Problem description: With the pictures left out, restate exactly the part below that opens with the line containing "Rocking chair by" and closes with the line containing "PE Chemicals".

Record extracts:
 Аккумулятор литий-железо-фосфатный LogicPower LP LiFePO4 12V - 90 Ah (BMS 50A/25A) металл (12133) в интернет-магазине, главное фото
* * *
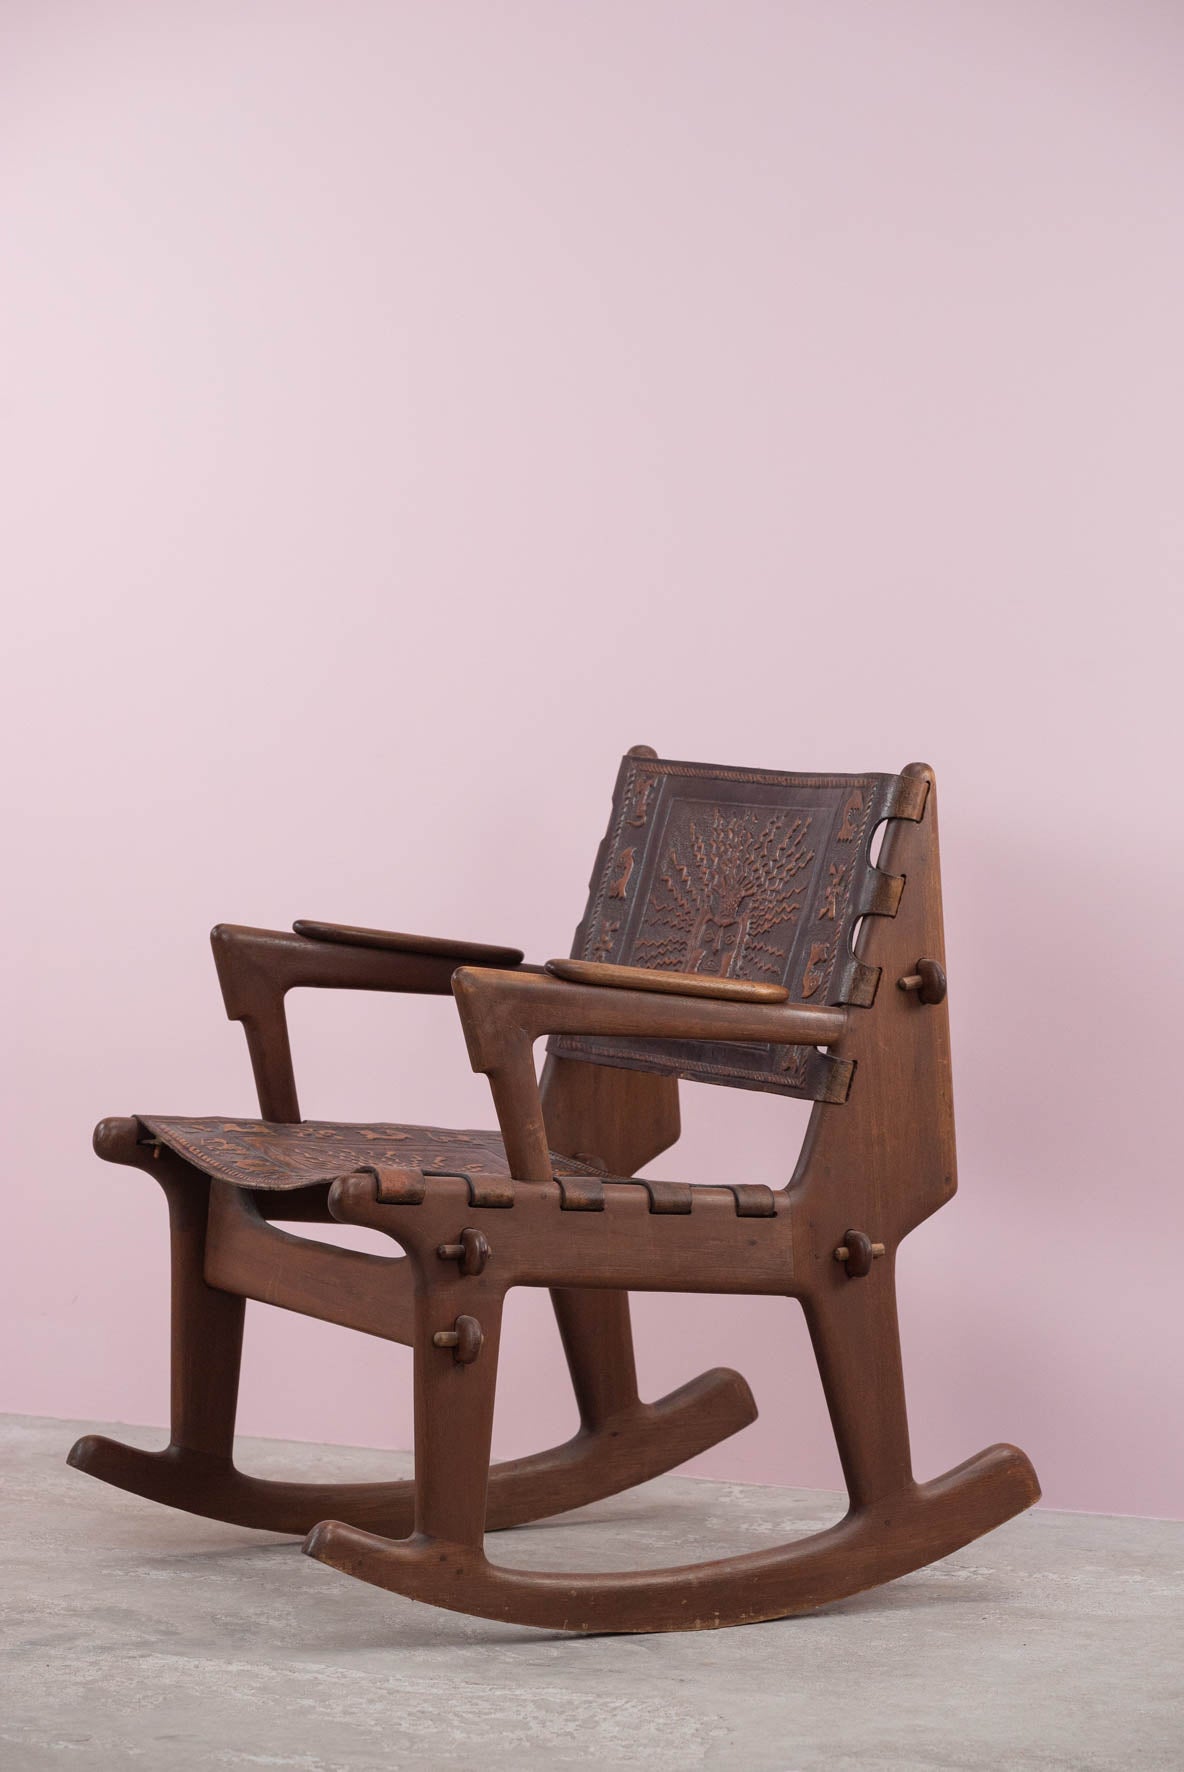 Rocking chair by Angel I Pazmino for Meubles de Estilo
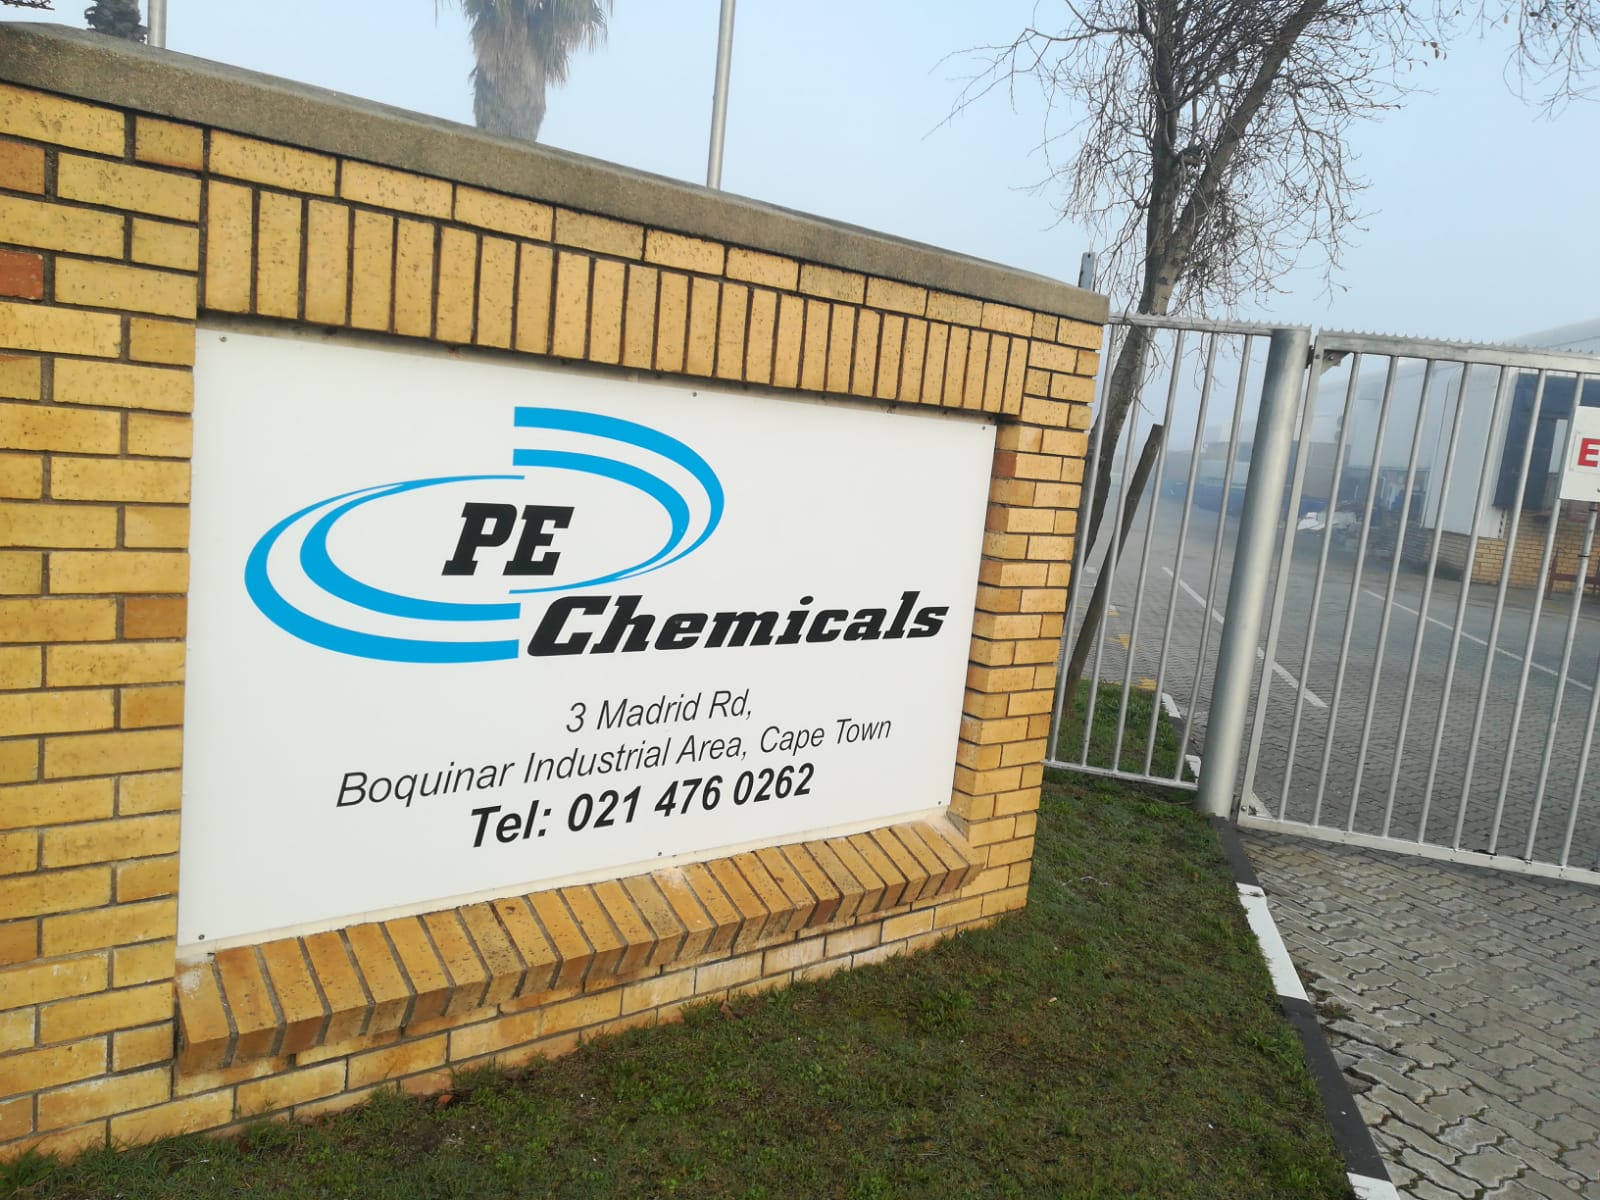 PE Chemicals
---
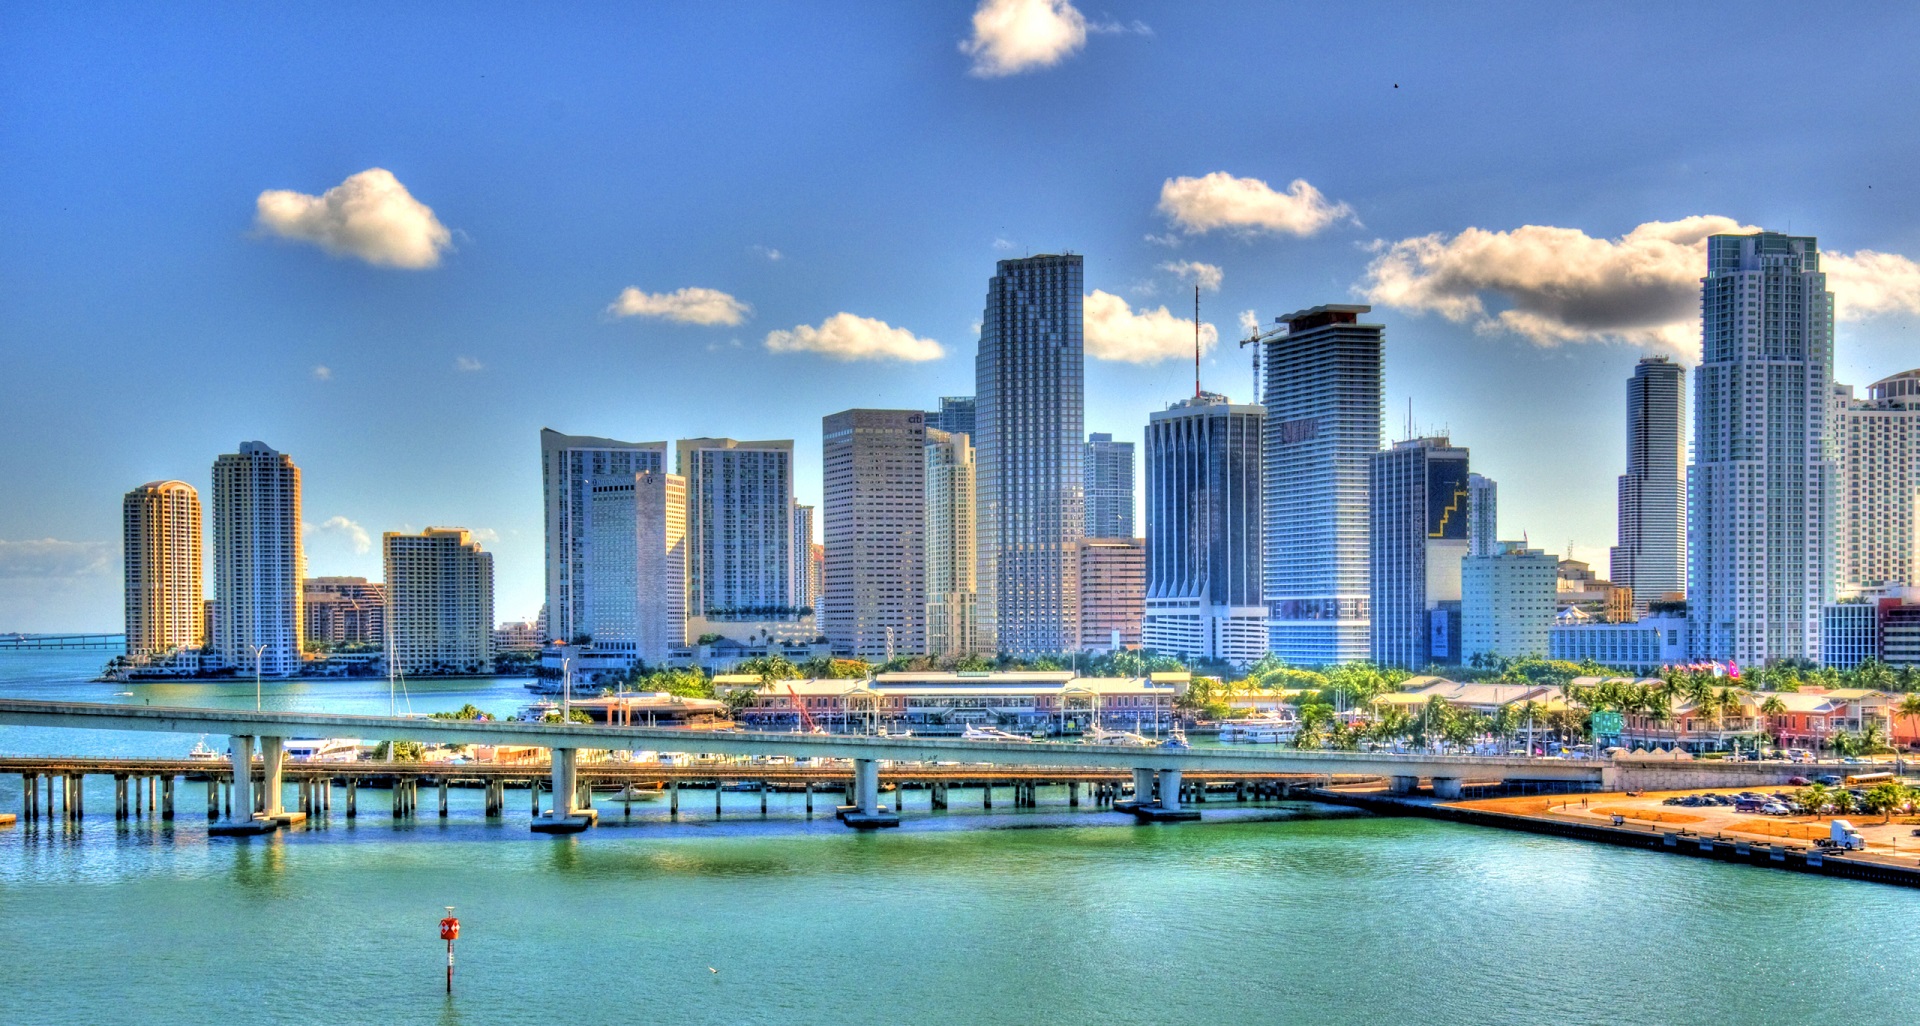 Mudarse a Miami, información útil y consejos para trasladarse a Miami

Answer box:
 Rocking chair by Angel I Pazmino for Meubles de Estilo
 PE Chemicals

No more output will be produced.